Key Provisions: The new bill expands the scope of the state’s ban on PFAS chemicals in clothing and apparel by including additional categories, such as outdoor apparel, which were previously excluded. Now, the ban broadly applies to “apparel and outdoor apparel for severe wet conditions,” and specifically defines “apparel” as meaning “clothing items intended for regular wear or formal occasions including, but not limited to, undergarments, shirts, pants, skirts, dresses, overalls, bodysuits, vests, dancewear, suits, saris, scarves, tops, leggings, leisurewear, formal wear, OUTDOOR APPAREL, onesies, bibs, and diapers.”
The amended bill also The new bill also adds penalties and creates timelines for banning the use of PFAS in most clothing. “In terms of penalties, the bill requires the state Department of Environmental Conservation to set a threshold for PFAS, including unintentionally added chemicals, which would take effect by 2027,” Kelley Drye’s Joseph Green and Zachary Lee stated in a recent note. “Initial violations would be subject to a civil penalty of up to $1,000 a day, and continued violations would be subject to a penalty of up to $2,500 per day.”

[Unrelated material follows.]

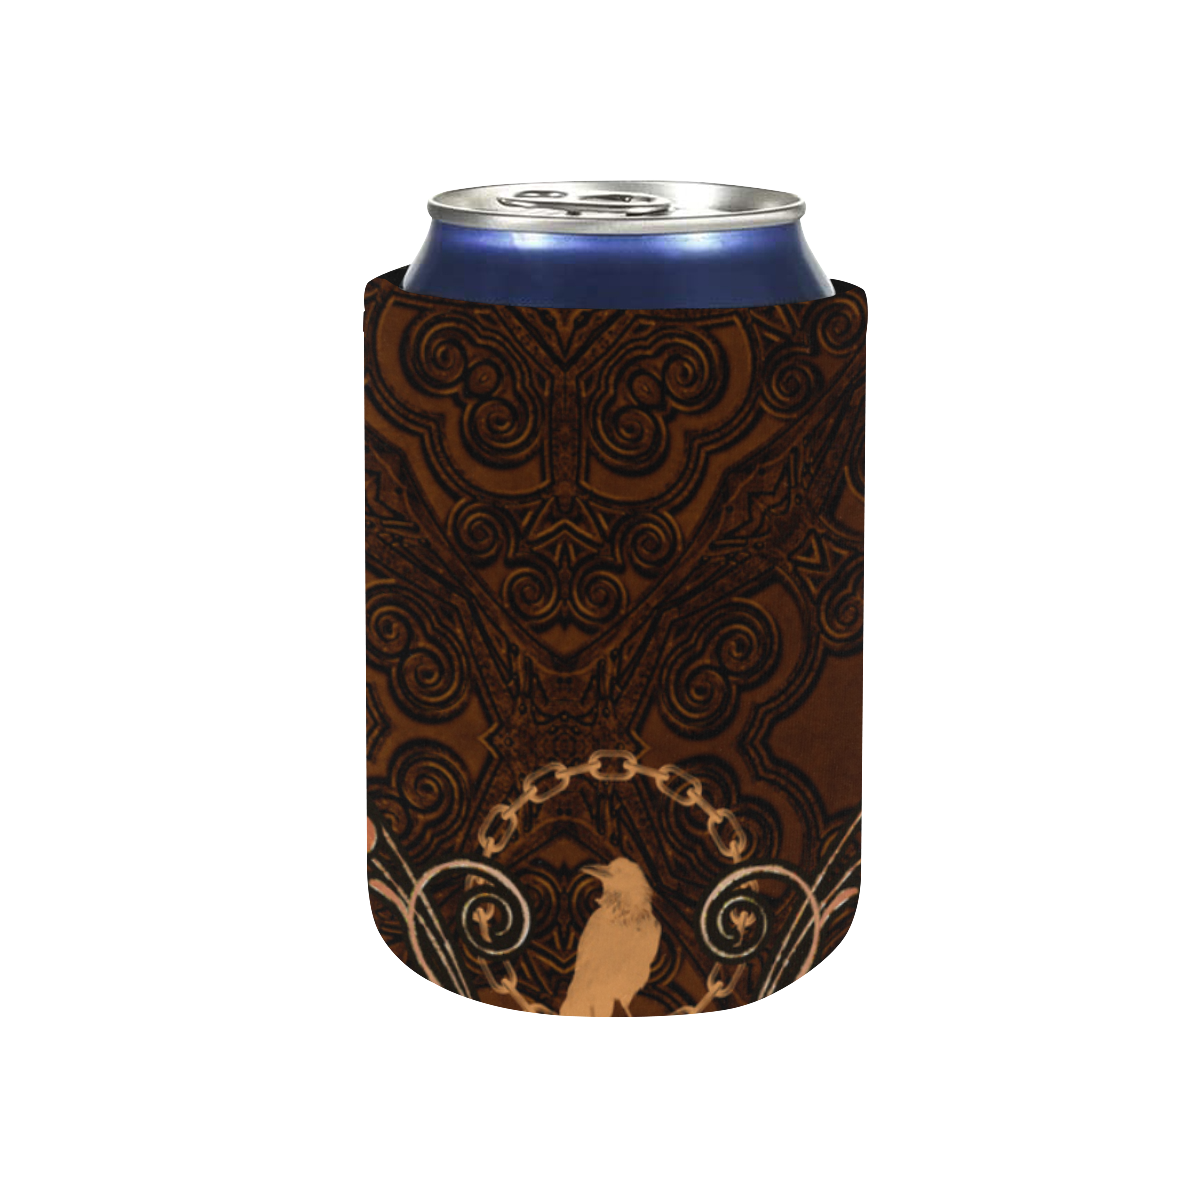 Floral design with crow Neoprene Can Cooler 4" x 2.7" dia.

Potential Implications: The legislation comes amid a nation-wide push by regulators to ban these “forever chemicals,” with roughly two dozen states either enacting or proposing PFAS-specific legislation as of December 2022.
Expected Effective Date: December 31, 2023
(2) California Garment Worker Protection Act
Intended to prevent wage theft, mandate fair pay and improve working conditions for the roughly 45,000 garment workers in the state of California, The California Garment Worker Protection Act (SB 62) was signed into law by California Governor Gavin Newsom on September 27. Among other things, the law requires that employees engaged in garment manufacturing must be paid an hourly rate not less than the minimum wage, and cannot be paid a piece rate.
Key Provisions: The Act: (1) prohibits piecework pay; (2) creates joint and several liability for unpaid wages for “brand guarantors,” along with manufacturers and contractors; and (3) creates new recordkeeping requirements for manufacturers and brand guarantors.
Employees may seek to recover unpaid wages and associated penalties by filing a claim with the Labor Commissioner against the contractor, garment manufacturer and brand guarantor, and the Act may also pursue other applicable remedies under California or federal law.
Potential Implications: Although SB 62 may “ultimately curb the practices of some ‘bad actors’ in the garment industry,” Sheppard Mullin’s Robert Foster and Morgan Forsey have claimed that “the more immediate impact of the new law’s requirements will likely be that some companies contract with garment manufacturers outside of California, thereby decreasing the number of garment manufacturers and workers in California.”